This page answers Meta Llama Llama 3.1 70B Instruct q8 quantization queries with explicit calculations from our model requirement dataset and compatibility speed table.
Query match answer
Llama 3.1 70b q4 vram requirements
Meta Llama Llama 3.1 70B Instruct at Q8 is estimated around 70GB VRAM minimum, with 84GB recommended for smoother operation.
Based on 979 impressions tracked in Search Console.
Short answer: Meta Llama Llama 3.1 70B Instruct typically needs around 70GB VRAM at Q8, and 84GB is safer for smoother usage.

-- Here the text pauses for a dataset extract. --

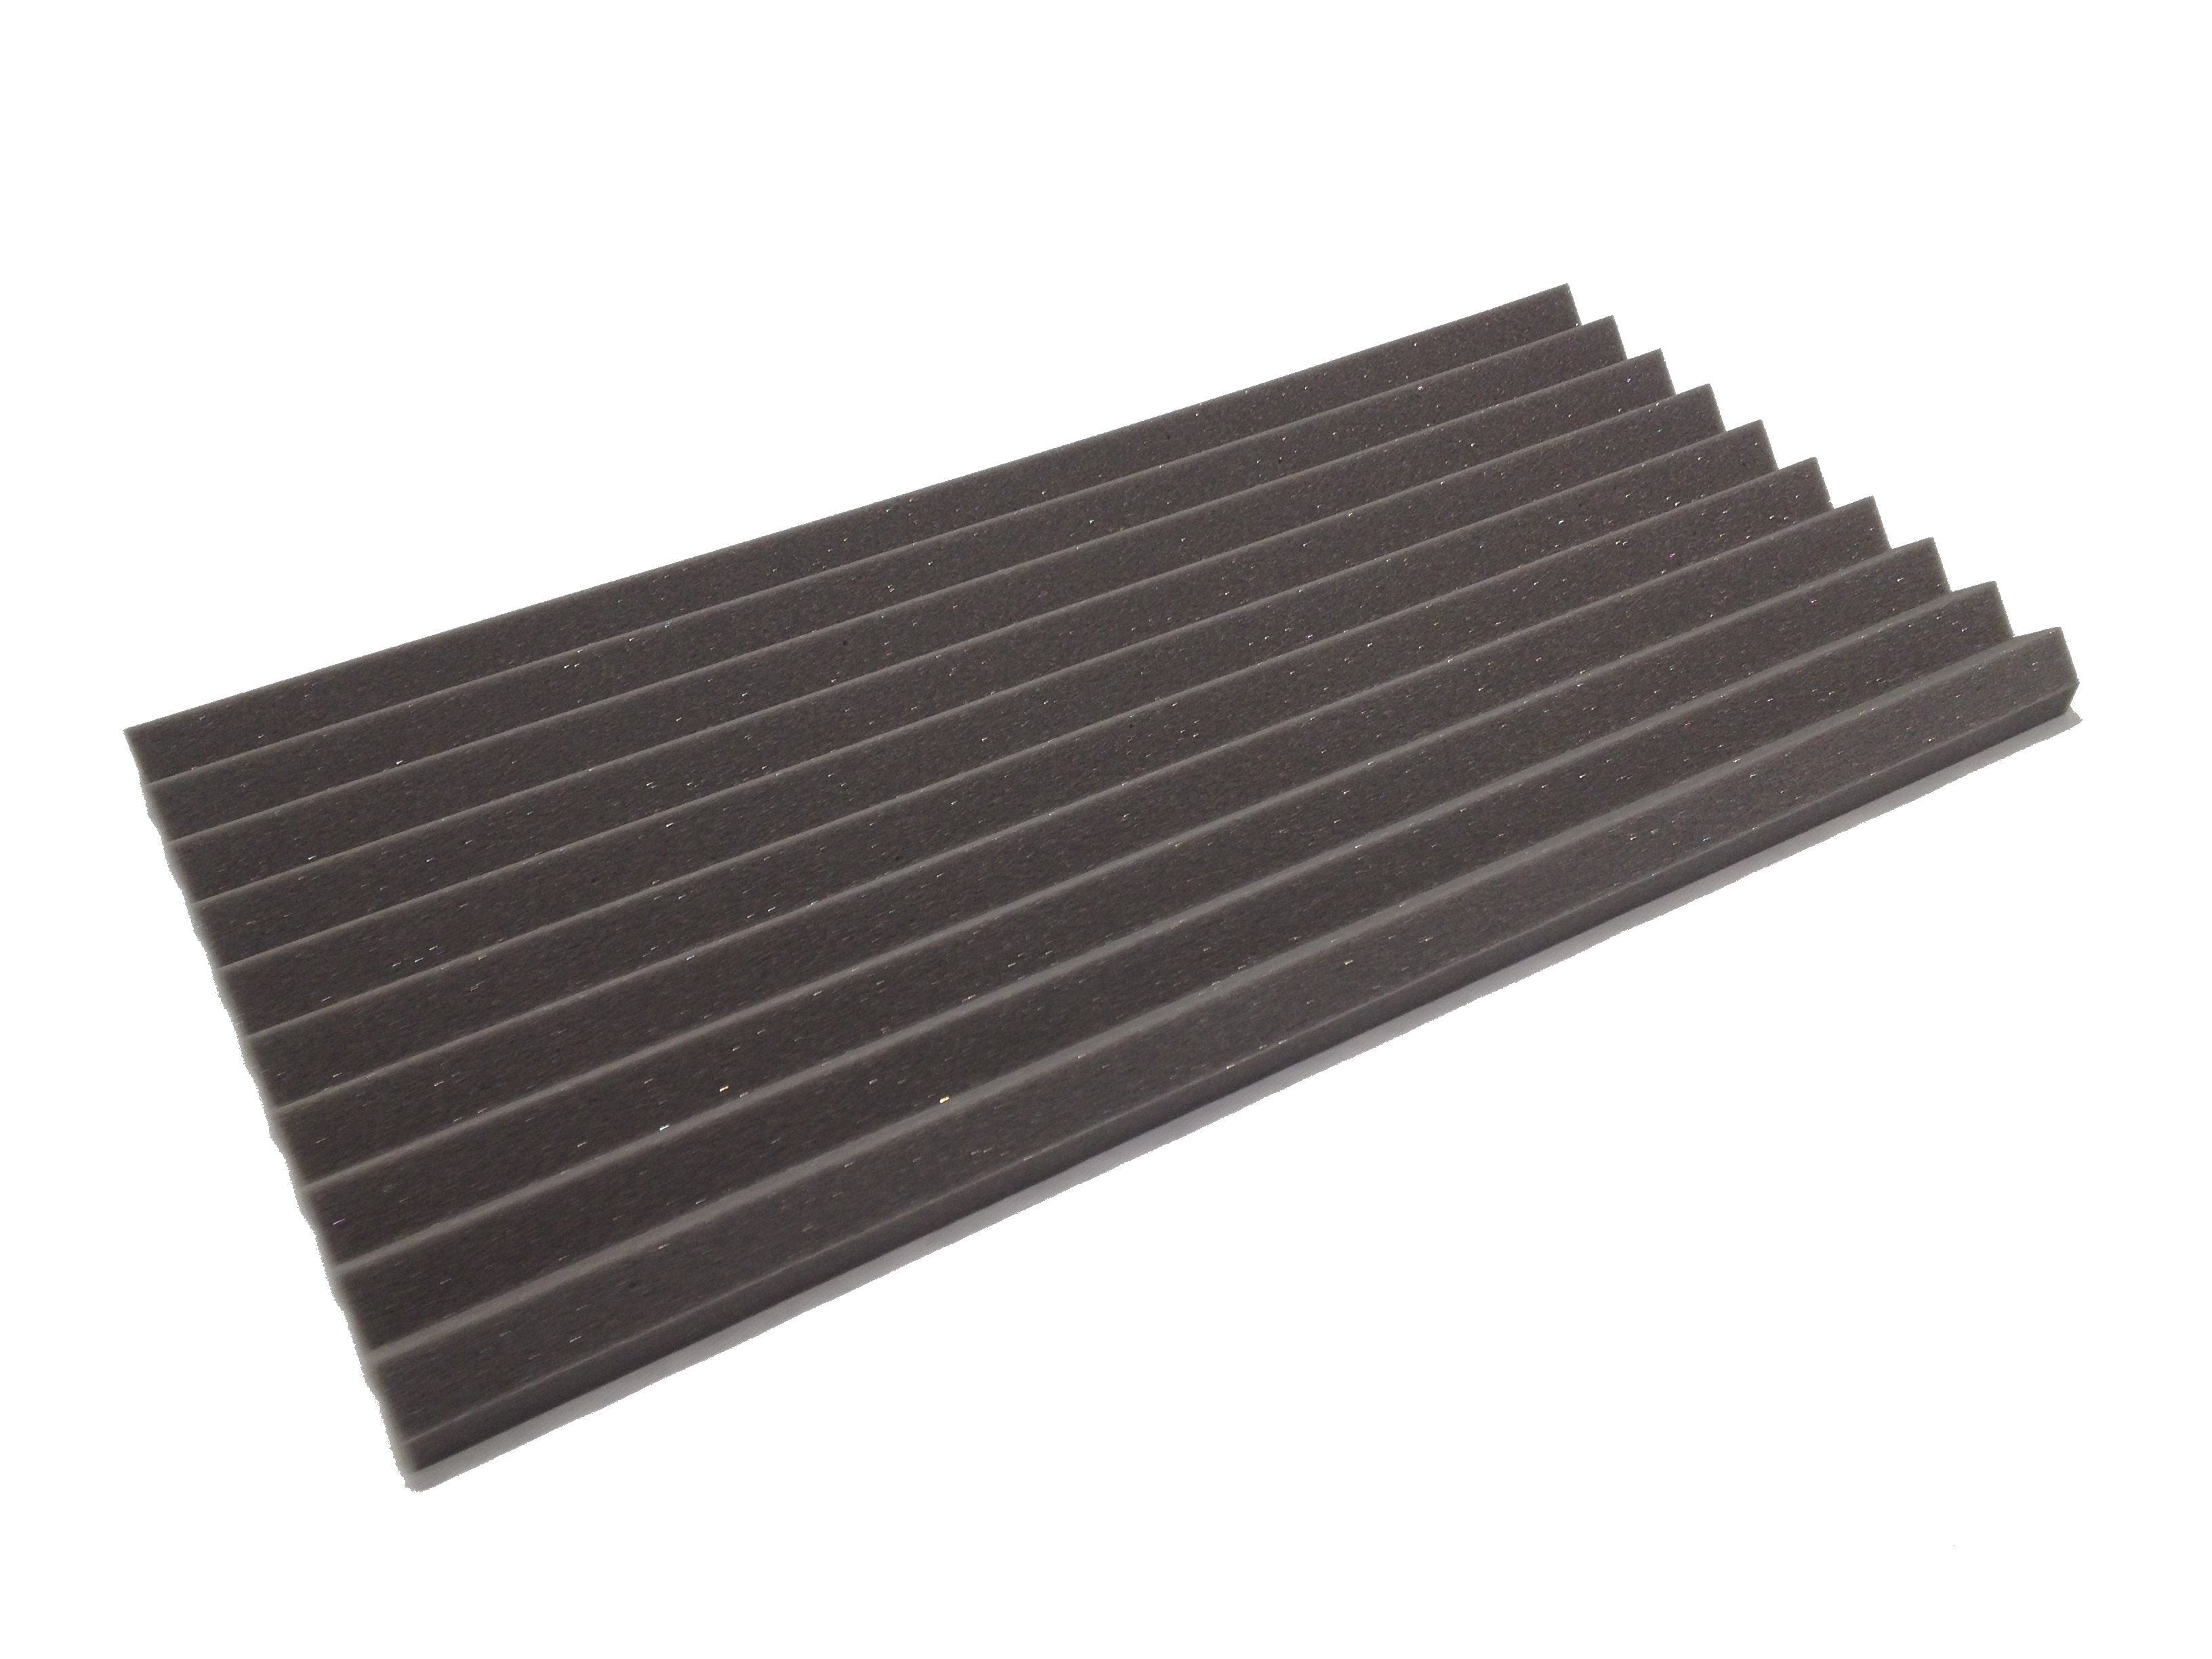 Wedge 30"x15" Acoustic Studio Foam Tile Pack - Advanced Acoustics

Exact Q8 requirement from model requirement data.
Throughput data below uses available compatibility measurements/estimates and is sorted by tokens per second for this model.
Need general guidance? Review full methodology.
| GPU | VRAM | Quantization | Speed | Compatibility | Buy |
|---|---|---|---|---|---|
| AMD Instinct MI300X | 192GB | Q8 | 187 tok/s | View full compatibility | Buy options |
| NVIDIA H200 SXM 141GB | 141GB | Q8 | 169 tok/s | View full compatibility | Buy options |
| NVIDIA H100 SXM5 80GB | 80GB | Q8 | 121 tok/s | View full compatibility | Buy options |
| AMD Instinct MI250X | 128GB | Q8 | 117 tok/s | View full compatibility | Buy options |
| NVIDIA H100 PCIe 80GB | 80GB | Q8 | 77 tok/s | View full compatibility | Buy options |
| RTX 5090 | 32GB | Q8 | 73 tok/s | View full compatibility | Buy options |
| NVIDIA A100 80GB SXM4 | 80GB | Q8 | 72 tok/s | View full compatibility | Buy options |
| AMD Instinct MI210 | 64GB | Q8 | 58 tok/s | View full compatibility | Buy options |
| NVIDIA A100 40GB PCIe | 40GB | Q8 | 56 tok/s | View full compatibility | Buy options |
| RTX 4090 | 24GB | Q8 | 44 tok/s | View full compatibility | Buy options |
| NVIDIA RTX 6000 Ada | 48GB | Q8 | 44 tok/s | View full compatibility | Buy options |
| NVIDIA L40 | 48GB | Q8 | 41 tok/s | View full compatibility | Buy options |
Meta Llama Llama 3.1 70B Instruct at Q8 is estimated to require about 70GB VRAM minimum, with 84GB recommended for smoother operation.
Start with AMD Instinct MI300X, NVIDIA H200 SXM 141GB, NVIDIA H100 SXM5 80GB and review each compatibility page for full speed and fit details.
Q8 is a balance point between memory usage and quality. If your GPU is below 70GB, consider lower-bit quantization; if you have extra VRAM, compare Q8/FP16 options for quality-sensitive workloads.